Download the model files from the release, then place the required models under public/models/.

For --runtime python:

public/models/retinaface_mbn025_with_postprocess_480x640_max1000_th0.70.onnx
public/models/yolomit_t_wholebody28_1x3x480x640.onnx
public/models/vsdlm_l.onnx
public/models/gaze_Nx3x160x160.onnx

For --runtime onnxweb, also place:

public/models/yolomit_t_wholebody28_1x3x480x640.onnx
public/models/vsdlm_l.onnx
public/models/gaze_1x3x160x160.onnx

For --runtime litert, also place:

public/models/retinaface_mbn025_wo_postprocess_480x640_float32.tflite
public/models/yolomit_t_wholebody28_1x3x480x640_float32.tflite
public/models/vsdlm_l_float32.tflite
public/models/gaze_1x3x160x160_float32.tflite

The LiteRT RetinaFace model has its dynamic postprocess tail removed. It must output loc, conf_logits, and landms; the renderer decodes boxes, scores, landmarks, and applies the lightweight selection step in JavaScript.

An archive of CoreML models is also available from the same release, but I don't have demo code because I don't own an iPhone.

Run

  • display-size-inch = diagonal length (cm) / 2.54

  • The diagonal length does not include the bezel.

    inches

1. Python ver

The default ONNX Runtime backend is TensorRT. If TensorRT is unavailable, the backend emits a warning and falls back to CUDA, then CPU.

# Recommended
pnpm dev -- --backend cuda --calibrate --gaze-projection-mode binocular-screen --display-size-inch 31.5
# Selecting the gaze estimation mode
pnpm dev -- --backend cuda --calibrate --display-size-inch 31.5
pnpm dev -- --backend cuda --calibrate --gaze-projection-mode legacy --display-size-inch 31.5
pnpm dev -- --backend cuda --calibrate --gaze-projection-mode binocular-screen --display-size-inch 31.5
pnpm dev -- --backend cuda --calibrate --gaze-projection-mode binocular-convergence --display-size-inch 31.5

To explicitly use TensorRT or CPU:

pnpm dev -- --backend tensorrt --calibrate --display-size-inch 31.5
pnpm dev -- --backend cpu --calibrate --display-size-inch 31.5

2. Web component only ver (Python independent)

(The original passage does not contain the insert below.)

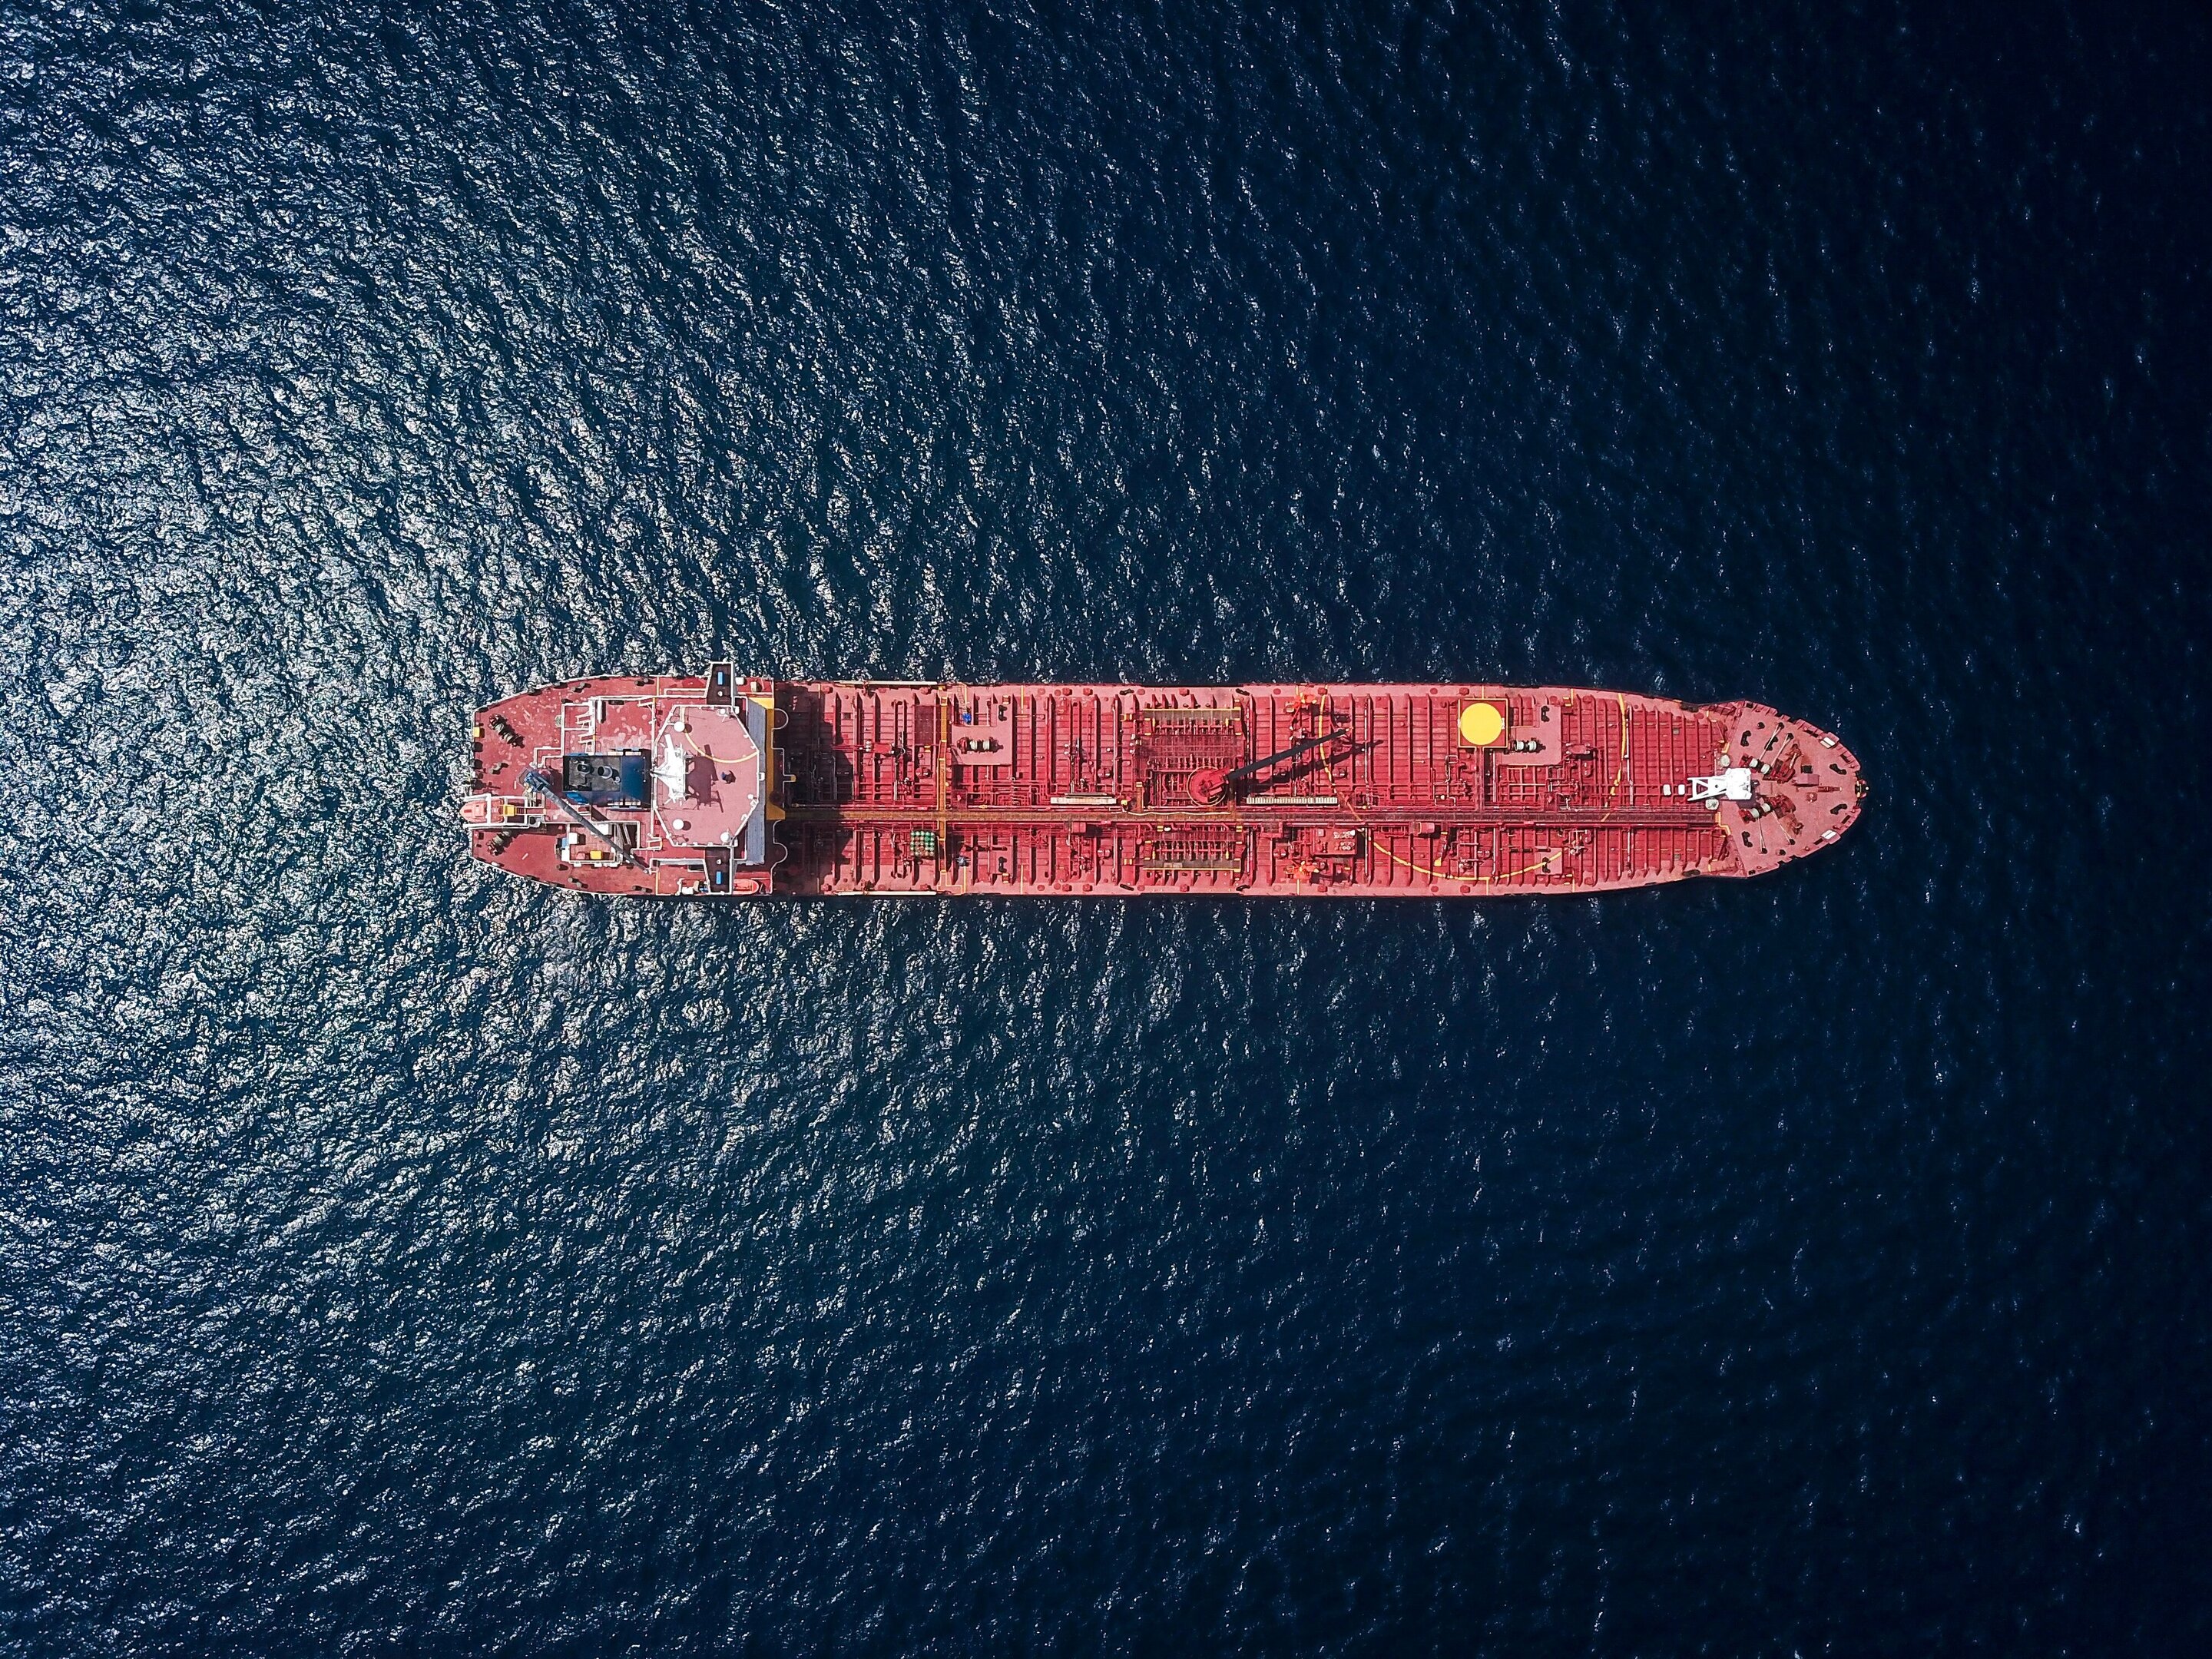 New efficient ships won't be enough to curb shipping sector's environmental damage

To run inference fully in Electron without starting Python:

# onnxruntime-web
pnpm dev -- --runtime onnxweb --calibrate --gaze-projection-mode binocular-screen --display-size-inch 31.5
# LiteRT.js
pnpm dev -- --runtime litert --calibrate --gaze-projection-mode binocular-screen --display-size-inch 31.5

The web runtimes try WebGPU first. If model loading fails, they reload both models with wasm. When a web runtime is selected, Electron uses the selected model files in public/models/ during dev runs and copies them to dist/models/ for production runs. It also copies the required runtime wasm assets from node_modules/ to public/ during dev runs, or to dist/ for production runs. The renderer loads both models and wasm assets as normal public assets.

Lip Motion

If you specify yolo for --detector and also specify --enable-lip-motion, you can try out a feature that emulates a left mouse click action by opening and closing your mouth. Your gaze moves frequently and unconsciously, so clicking in the exact right position will require miraculous skill.

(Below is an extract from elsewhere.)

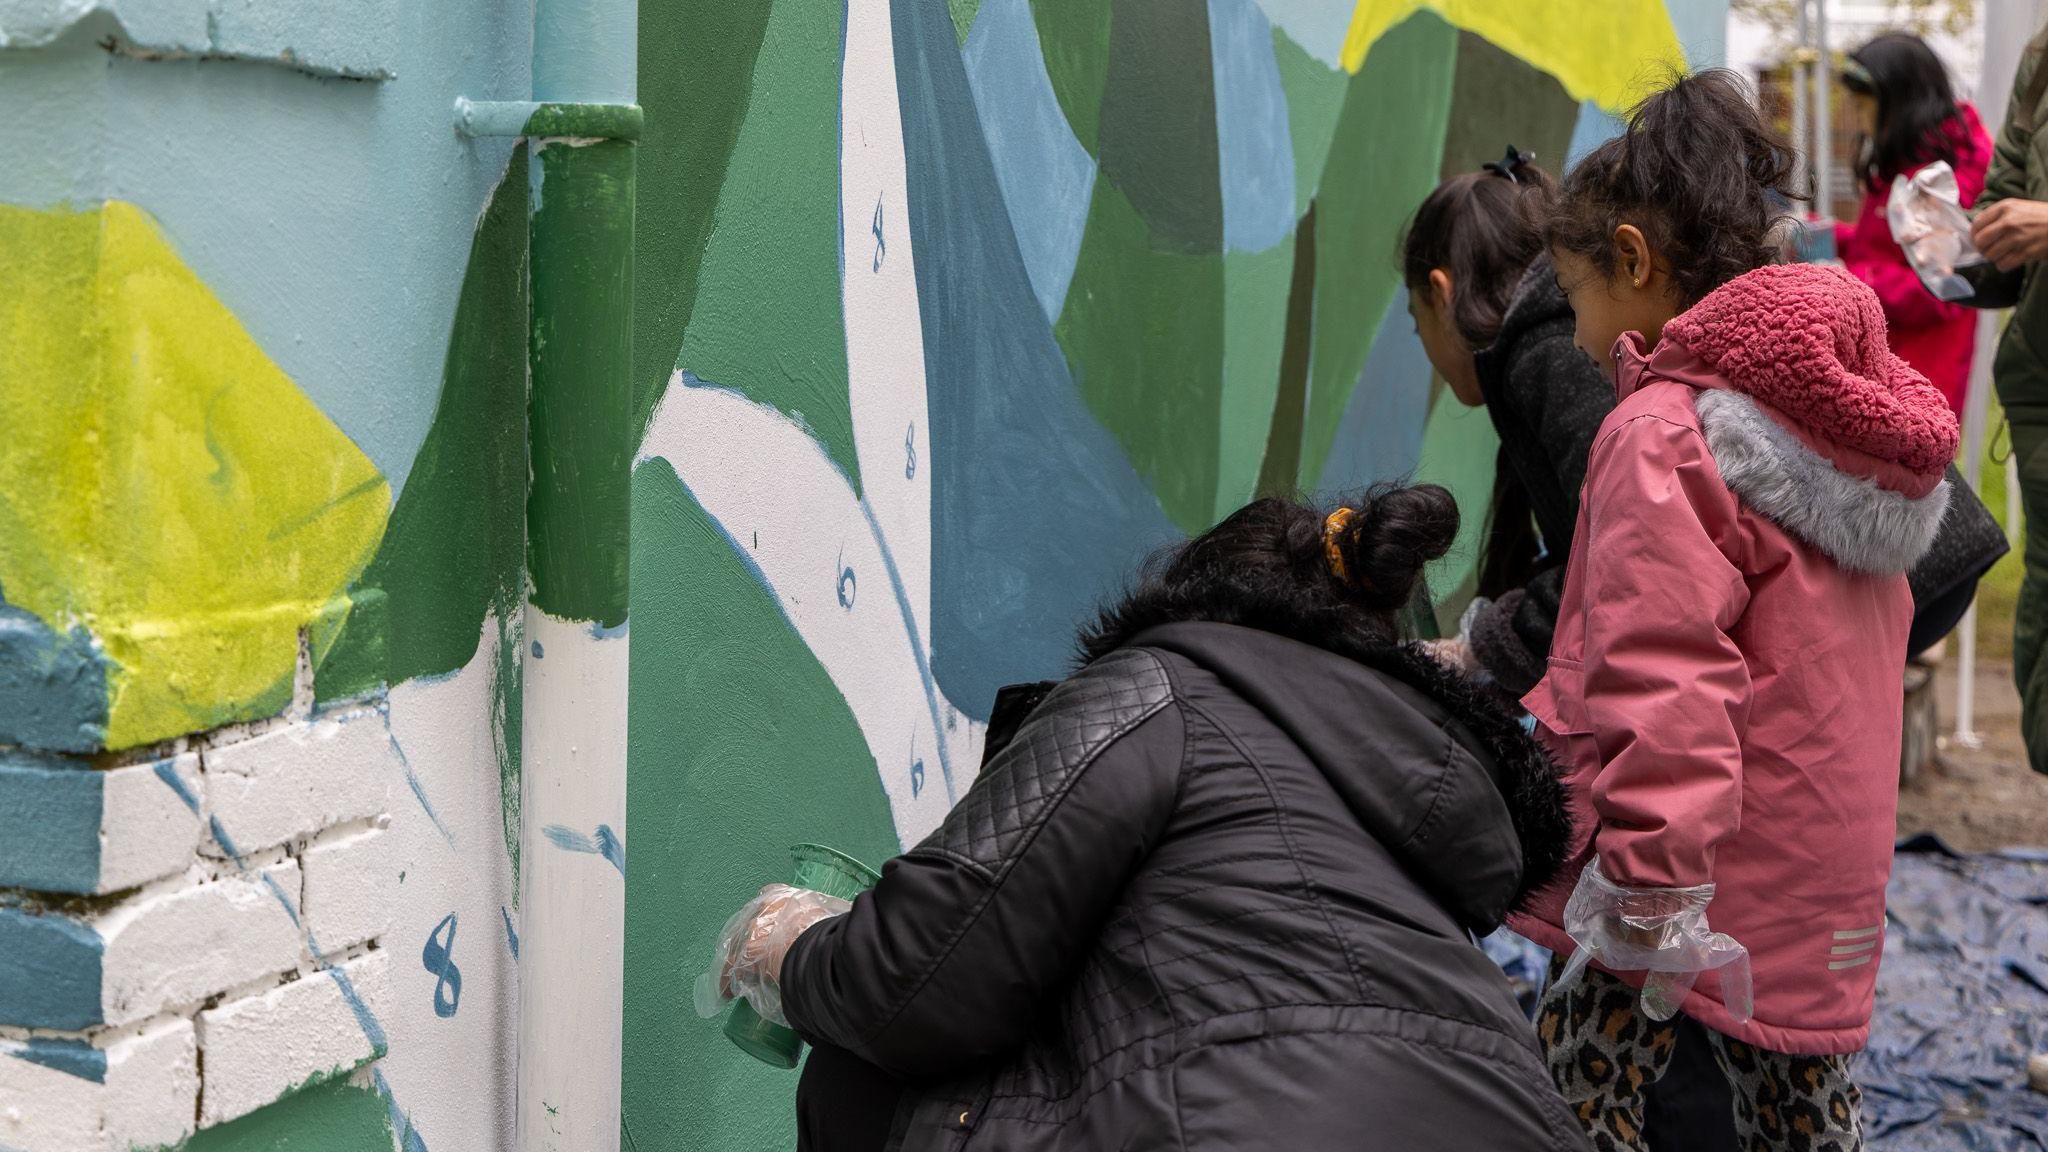 A family helping to paint the mural

pnpm dev -- --backend cuda --detector yolo --calibrate --gaze-projection-mode binocular-screen --display-size-inch 31.5
pnpm dev -- --runtime onnxweb --detector yolo --enable-lip-motion --calibrate --gaze-projection-mode binocular-screen --display-size-inch 31.5
pnpm dev -- --runtime litert --detector yolo --enable-lip-motion --calibrate --gaze-projection-mode binocular-screen --display-size-inch 31.5
LipMotion
2026-06-23_08-32-41-1782171161_.mp4

Main Options

pnpm dev -- \
--backend tensorrt \
--runtime python \
--detector retinaface \
--display-index 0 \
--display-size-inch 31.5 \
--camera 0 \
--score-threshold 0.50 \
--preview-fps 8
  • --runtime python|onnxweb|litert: Inference runtime. Default: python. onnxweb and litert never start the Python process.
  • --backend tensorrt|cuda|cpu: Python ONNX Runtime execution backend. Default: tensorrt. Ignored by web runtimes.
  • --detector retinaface|yolo: Eye position detector. Default: retinaface.
  • --retinaface-model: RetinaFace model path. Default: public/models/retinaface_mbn025_with_postprocess_480x640_max1000_th0.70.onnx.
  • --yolo-model: YOLO WholeBody28 model path. Defaults to public/models/yolomit_t_wholebody28_1x3x480x640.onnx for Python/onnxweb and public/models/yolomit_t_wholebody28_1x3x480x640_float32.tflite for LiteRT.
  • --lip-motion-model: Lip motion model path. Defaults to public/models/vsdlm_l.onnx for Python/onnxweb and public/models/vsdlm_l_float32.tflite for LiteRT.
  • --detector-model: Directly overrides the selected detector model path.
  • --display-index: Target monitor index for the overlay marker. This uses the display order reported by Electron.
  • --debug-overlay: Starts as a normal opaque window instead of a transparent overlay and opens DevTools.
  • --shape-overlay: On Linux/Windows, restricts the transparent window shape to the visible overlay elements. This is a fallback for environments where normal click-through does not work. Do not use it if the gaze marker flickers.
  • --display-size-inch: Target monitor diagonal size in inches. Any positive finite value is accepted. Default: 31.5.
  • --camera: Python runtime uses an OpenCV camera index or video path. Web runtimes use a browser video input index or deviceId. Default: 0.
  • --camera-resolution: Camera capture resolution preset or WIDTHxHEIGHT. Default: VGA (640x480). Accepted presets are QQVGA, QVGA, VGA, SVGA, XGA, HD/720p, SXGA, UXGA, Full HD/1080p, 3MP, QHD/WQHD/1440p, 5MP, 6MP, 4K UHD, DCI 4K, 12MP, 5K, 6K, 8K UHD, and 12K. 2MP, 4MP, and 8MP aliases are rejected; use 1920x1080, 2560x1440, or 3840x2160 instead.
  • --camera-fov: Horizontal camera FOV in degrees. Must be greater than 0 and less than 180. Default: 90.
  • --score-threshold: Detection score threshold. For YOLO, this applies to Head and Mouth; Eye uses a fixed 0.20 threshold.
  • --calibration-file: Path for the 5-point calibration result. Default: .gaze_calibration.json.
  • --calibrate: Runs 5-point calibration.
  • --smoothing-alpha: Horizontal gaze marker smoothing. Larger values are steadier but slower. Default: 0.65.
  • --smoothing-alpha-y: Vertical gaze marker smoothing. Larger values are steadier but slower. Default: 0.45.
  • --preview-fps: PiP camera preview update FPS. Default: 8.
  • --external-api: Starts a read-only local HTTP/WebSocket API for external applications. Disabled by default.
  • --external-api-host: Host for --external-api. Default: 127.0.0.1.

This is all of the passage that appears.